4. A snapshot is created. The HDFS client is connected with nodes of NameNode in the Hadoop cluster, creates snapshots for the folders, opens up a new space in the system for storing modified files, records the positions of all file blocks of the folders at a certain time point, records information such as lists and sizes of the file blocks and does not copy Chinese file block data of the DataNode. The snapshot backup is to copy the position information of the file block in time, and the operation is instantaneous, so that the data cannot be modified; and the subsequent data backup reads the file data to an external medium through the position information of the file block in the snapshot.
5. And backing up the data. The HDFS client is connected with the Hadoop cluster NameNode node, a file block list (DataNode information) of files in the snapshot is obtained, then the HDFS client is connected with the DataNode, the backup file data is read, and the backup file data is backed up to an external storage medium.
6. And backing up the metadata. And the HDFS client is connected with the Hadoop cluster NameNode node, acquires the metadata of the snapshot directory and the storage position of the file in the external storage medium, and stores the file in a file index library of an external storage server.
7. Recovery after data corruption, loss, or mishandling.

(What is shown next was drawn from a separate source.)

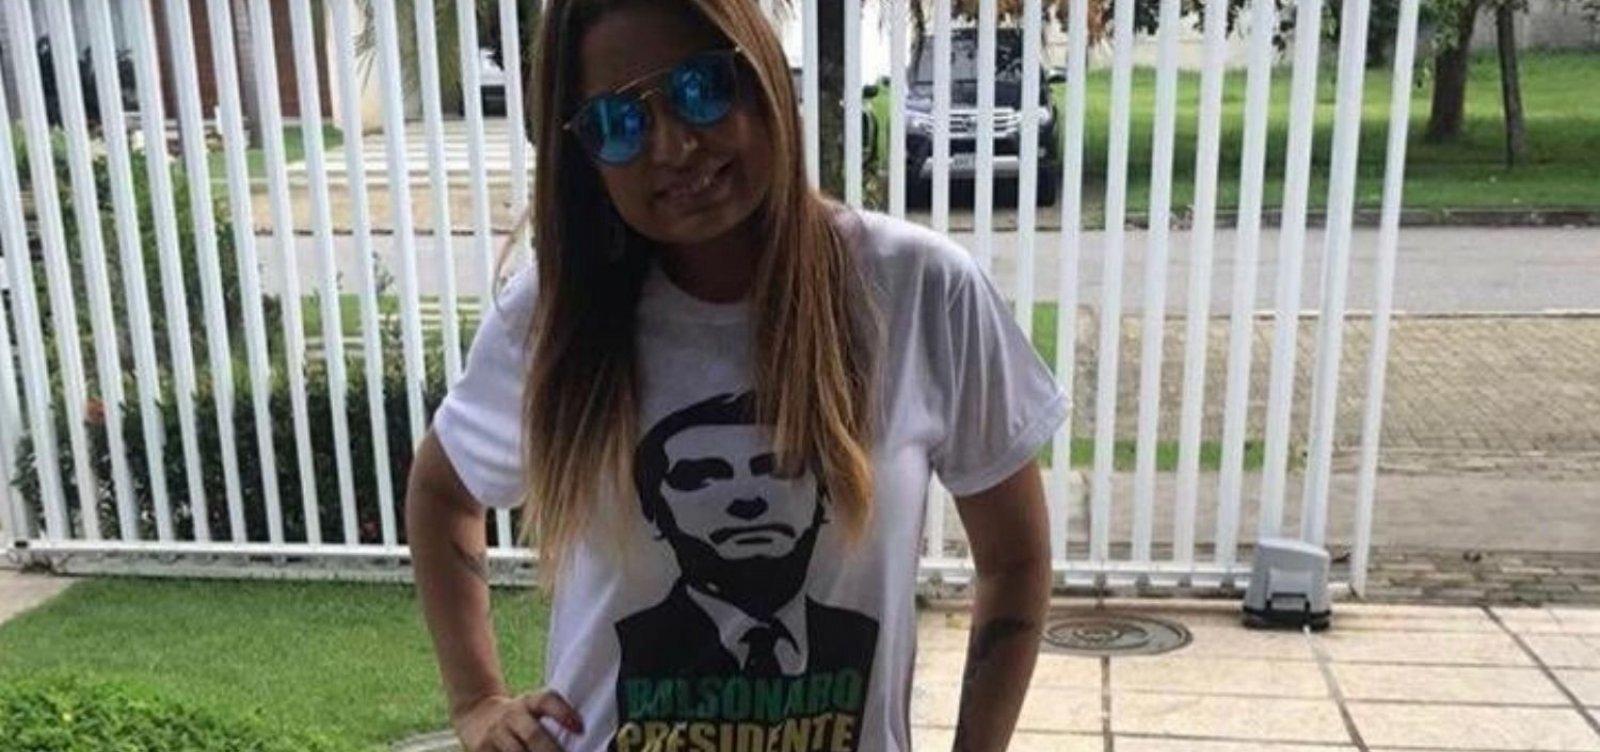 [Chefe de MP no Rio recebe pedidos para afastar promotora que fez campanha para Bolsonaro]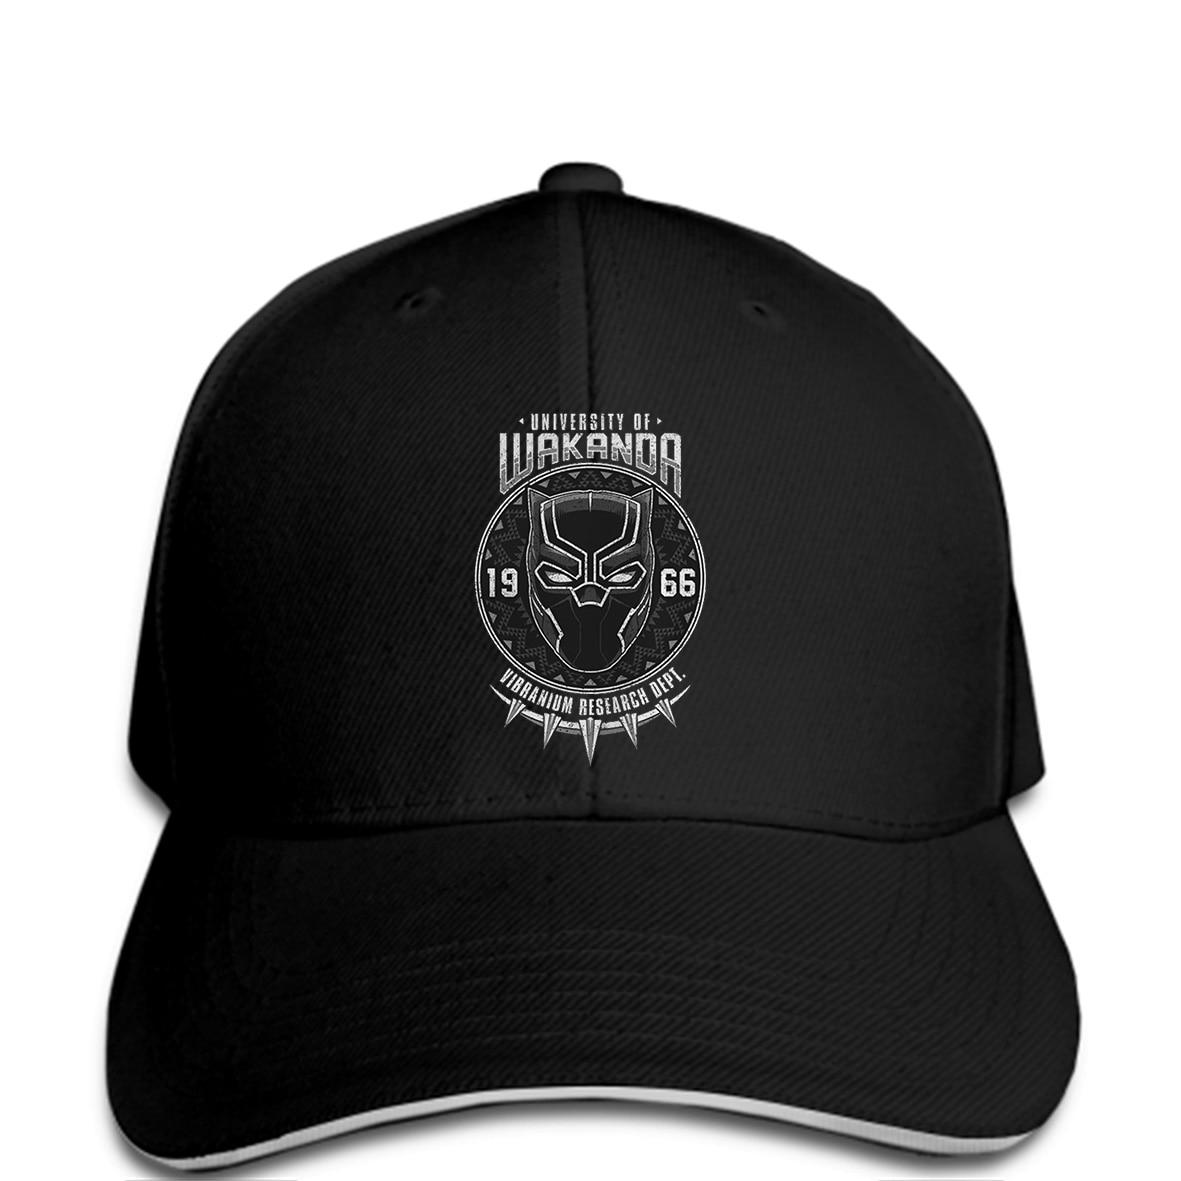 Baseball cap 2018 Fashion men Hat University of Wakanda Hat-in Baseball Caps  from Apparel Accessories on Aliexpress.com  8bac045ae25

The HDFS client selectively restores a part of files by acquiring the position information of the files in the external storage medium without restoring all snapshots, so that the problem of low data restoration speed is solved. The data in the external medium is directly read and written into the HDFS folder, a folder is usually newly built, the data is directly restored to the newly built path, and if the newly built path does not exist, the original data can be covered.